Еще есть репетиционная база на одной из последних станций ереванского метро. И тоже связанная с папой, Грачьей: поблизости была его мастерская. Там репетиции, там занятия с детьми, чаепития, кинопоказы, разговоры.

Грачья Галстян участвовал в арцахском движении и первой карабахской войне, был на ней ранен. «Я бы не назвал это словом «воевать», я бы назвал это словом «защищать». У отца был старый военный «Виллис» и ружье, а оружия не хватало. На фронте были его друзья. И он возил продовольствие, возил одежду. А через много лет, в 2020 году, то же самое делал я», — говорит Цолак.

Шогакат замужем за кадровым военным. Цолак вместе с Петросом во время войны 2020 года спасали Хачкары из Шуши, потому что было понятно, что азербайджанские власти прикажут их разрушить. Теперь они хранятся в музее Матенадаран.

МIHR — это театр, чей язык — танец — максимально интернационален. При этом он накрепко привязан к корням.

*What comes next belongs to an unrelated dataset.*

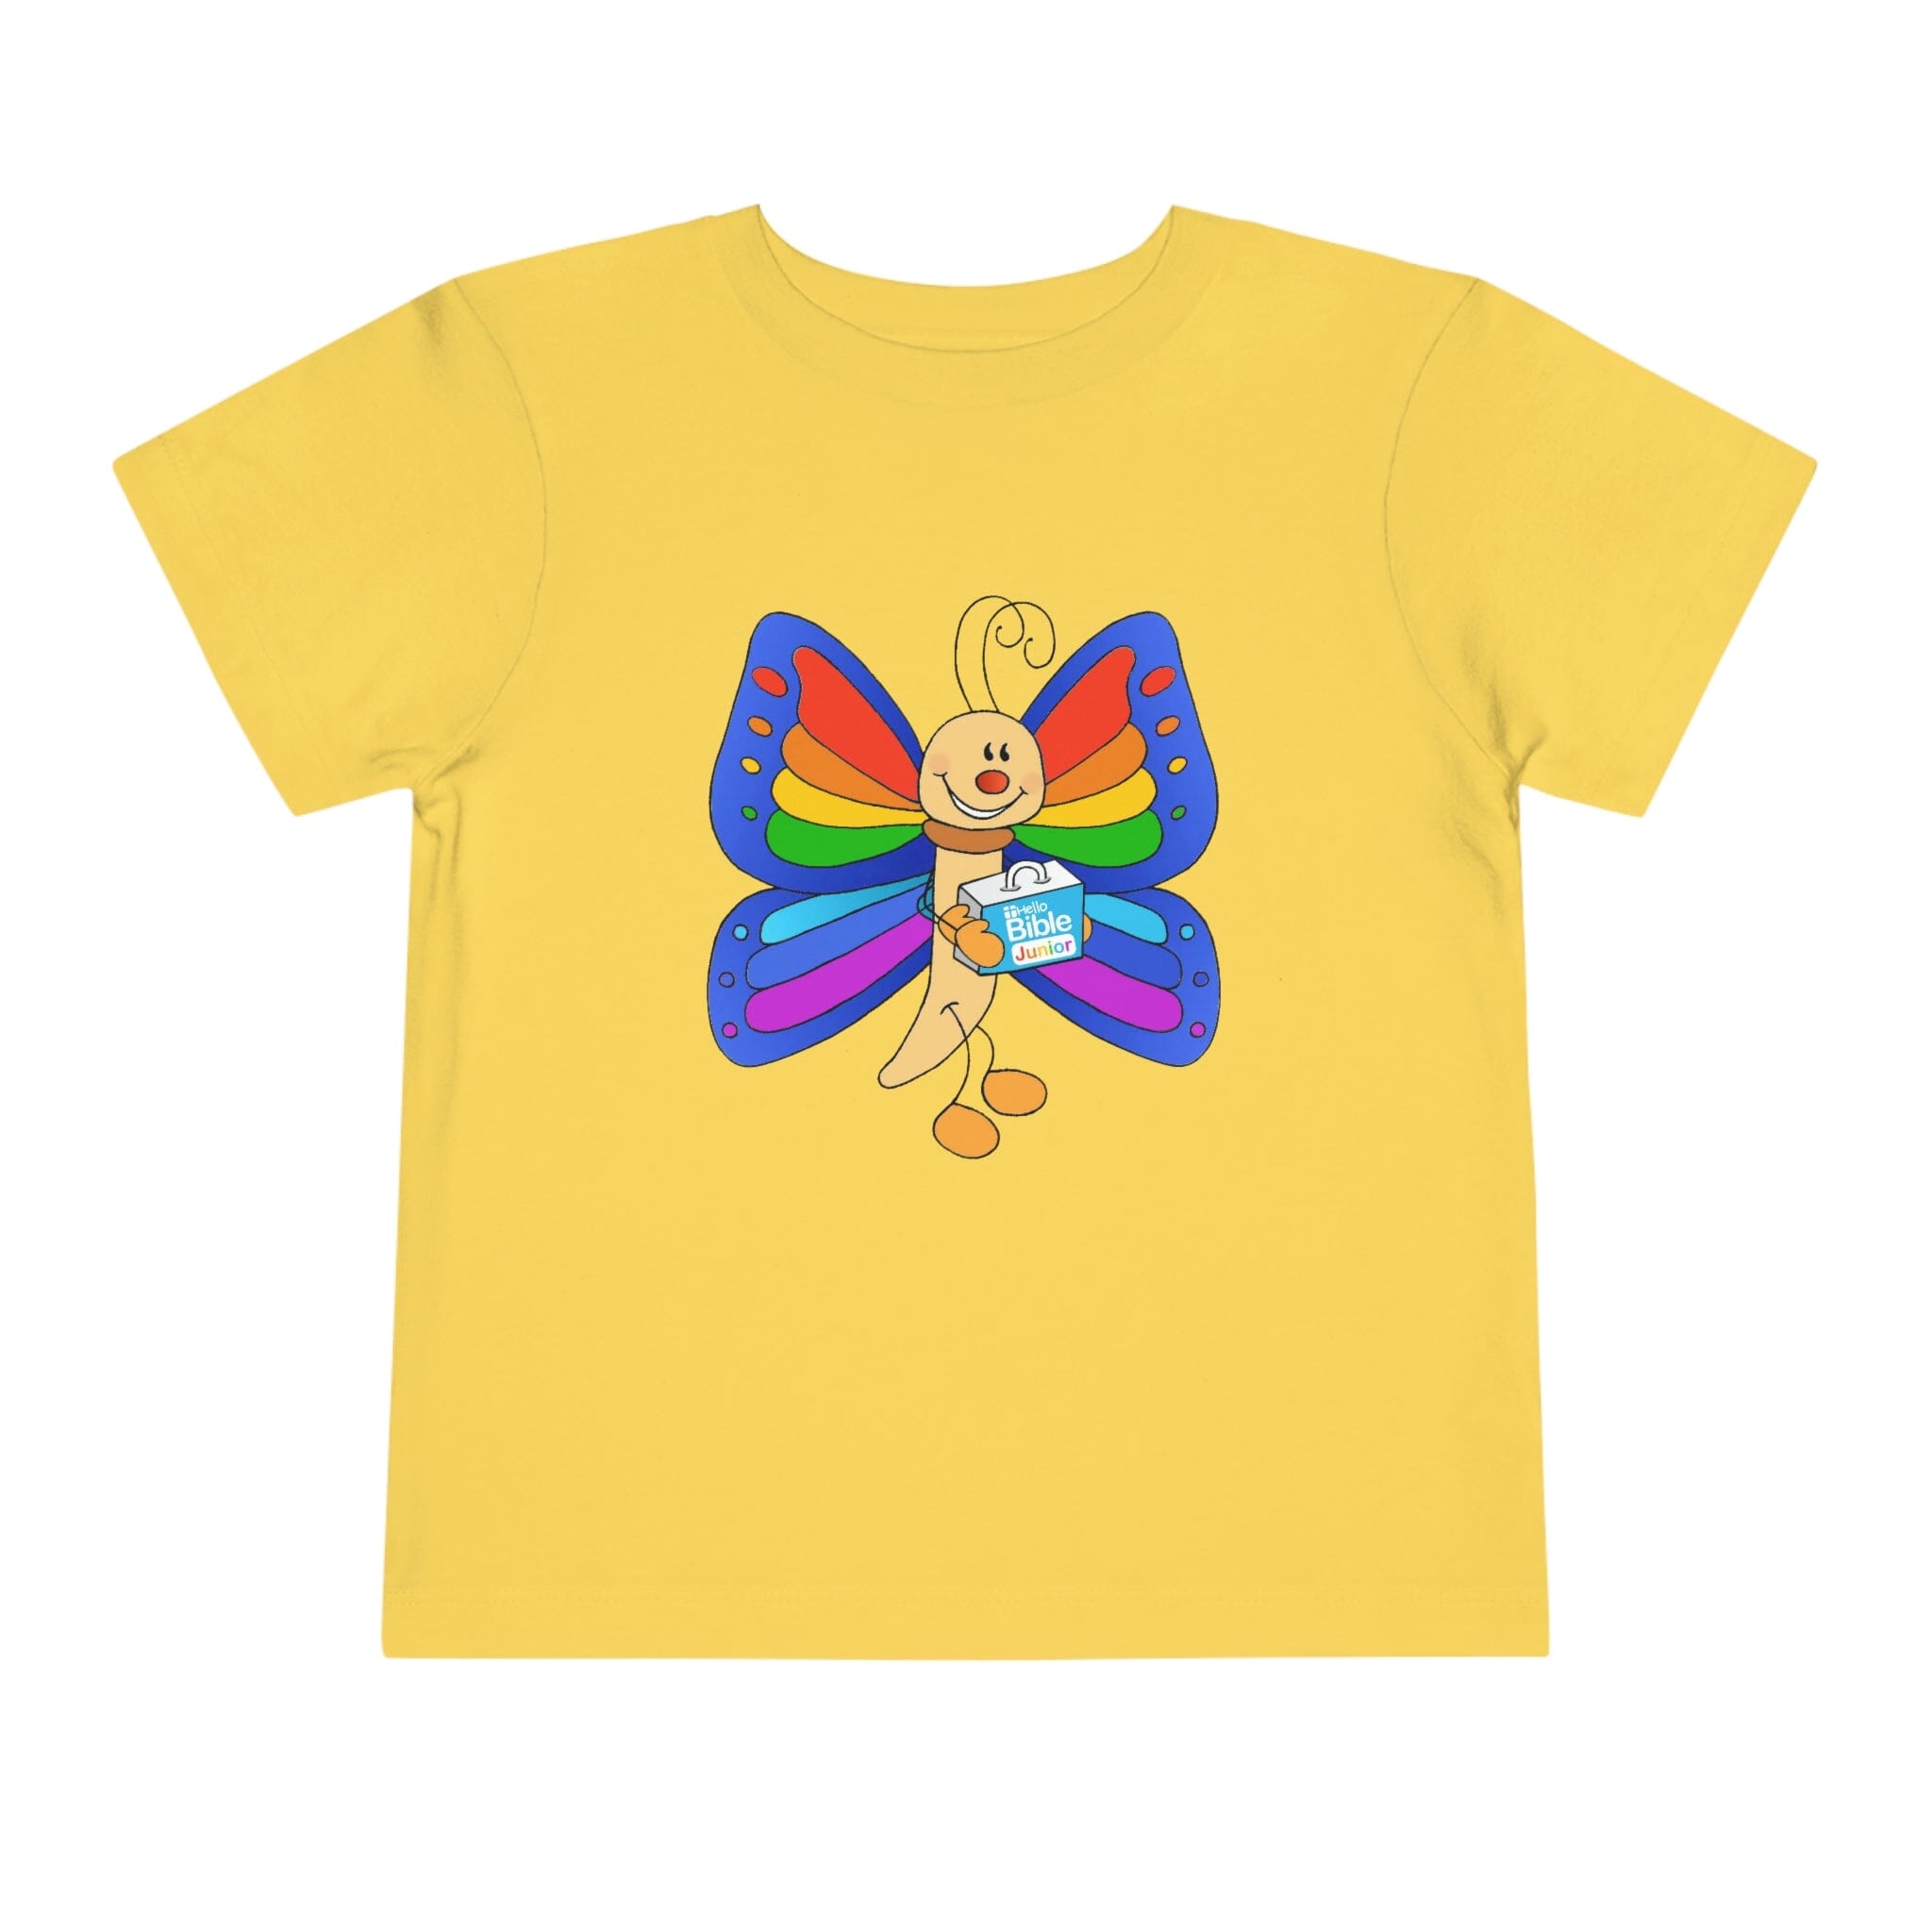 "Bella the Butterfly" HelloBible Toddler Short Sleeve Tee

«Когда ты выступаешь где-то вне Армении, то там скорее всего знают про геноцид, некоторые вспоминают Ким Кардашьян, другие — гору Арарат, самые интеллигентные — Параджанова. И мы показываем Армению, мы очень армянский театр, все вдохновение — в нашей истории, в нашей традиции. Но мы не на спортивных соревнованиях, не ходим с флагом. Не хочется превращаться в ансамбль народного танца. MIHR — современный концептуальный театр, который рассказывает истории о нас самих, поэтому в нас узнают себя в разных странах». Поэтому в Эдинбург пригласили The song of refugee. Сейчас он о слишком многих», — заключают его авторы.